С возникновением «Русского Парижа» в нем образовались литературные салоны, игравшие вплоть до 1940 г. важную объединяющую и литературно-просветительскую роль в жизни русской диаспоры. В первую очередь здесь следует назвать салоны Цетлиных и Мережковских, непременным посетителем которых был Алданов. Его ближний круг общения состоял из людей, с которыми он сблизился еще в Одессе – Цетлины, Бунины, Фондаминские, Тэффи и Алексей Толстой. Но ни с кем из соплеменников-литераторов так тесно не общался Алданов в первые три года своей парижской эмигрантской жизни, как с Алексеем Толстым. Он сам говорит об этом в письме к Александру Амфитеатрову:
Мы с Алексеем Толстым были когда-то на ты и года три прожили в Париже, встречаясь каждый день [ПАР-ФИЛ-РУСЕВР. С. 604].

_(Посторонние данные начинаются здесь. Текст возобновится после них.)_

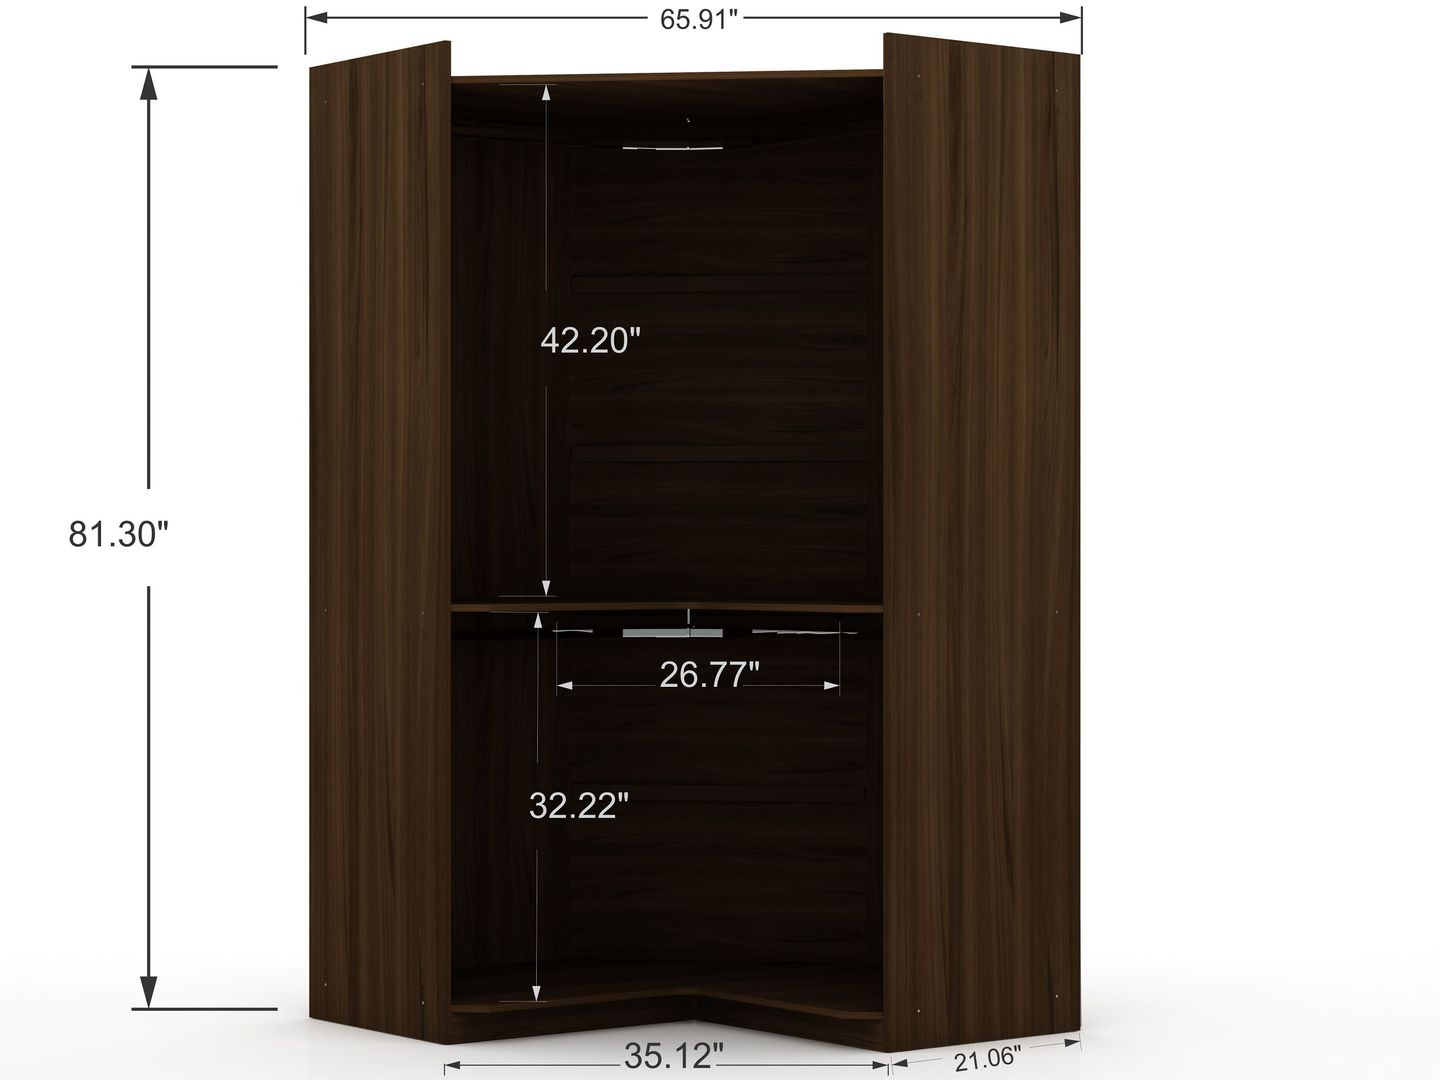 Manhattan Comfort Mulberry Open 2 Sectional Modern Corner Wardrobe Closet with 2 Drawers- Set of 2 in Brown

Алексей Толстой, будучи всего лишь на три года старше Алданова, как автор рассказов и повестей «заволжского» цикла (1909–1911 гг.) и примыкающих к нему небольших романов «Чудаки», «Хромой барин» (1912 г.), имел реноме «известный писатель». По воспоминаниям Осипа Дымова, в литературных кругах Ст.-Петербурга Алексей Толстой появился в 1908 г. Тогда это был:
крупный, богатырского вида человек, с круглым, приятным лицом, густыми светлыми волосами, подстриженными под каре на затылке – причёска, которая в те дни была очень распространена среди извозчиков. Самой приятной на его лице была улыбка. Я никогда не видел такую одновременно открыто-добросердечную и хитроватую улыбку. Когда он смеялся – а делал он это довольно часто – обнажались два ряда крупных ровных белоснежных зубов. Игра мускулов на его лице – с широким вырезом славянского рта – всё пробуждало к нему чувство симпатии и свидетельствовало о гармонии между здоровой внешностью и внутренней жизнью. Возможно, впрочем, лицо было чуточку чересчур открытым, возможно, белозубая улыбка, сверх меры наивной. Кто-то из наших даже заметил, что новичок, кажется, слегка глуповат. Но его светлые голубые глаза никогда не смеялись. Они постоянно как бы были настороже. Новичок всё видел и подмечал и, самое интересное – а это было явно – не хотел, точнее, не мог нести ответственность за то, что видел. У него был острый, проницательный взгляд художника. Он знал, что говорили о нём другие, но это не производило на него особенного впечатления, а лишь вызывало смех.
– Он умён.
– Ой, ну что вы?
– Ну, в таком случае, не умён.
И он, весело хохоча, обнажал свои молочные зубы, сверля тебя в тоже время проницательным взглядом своих холодных голубых глаз.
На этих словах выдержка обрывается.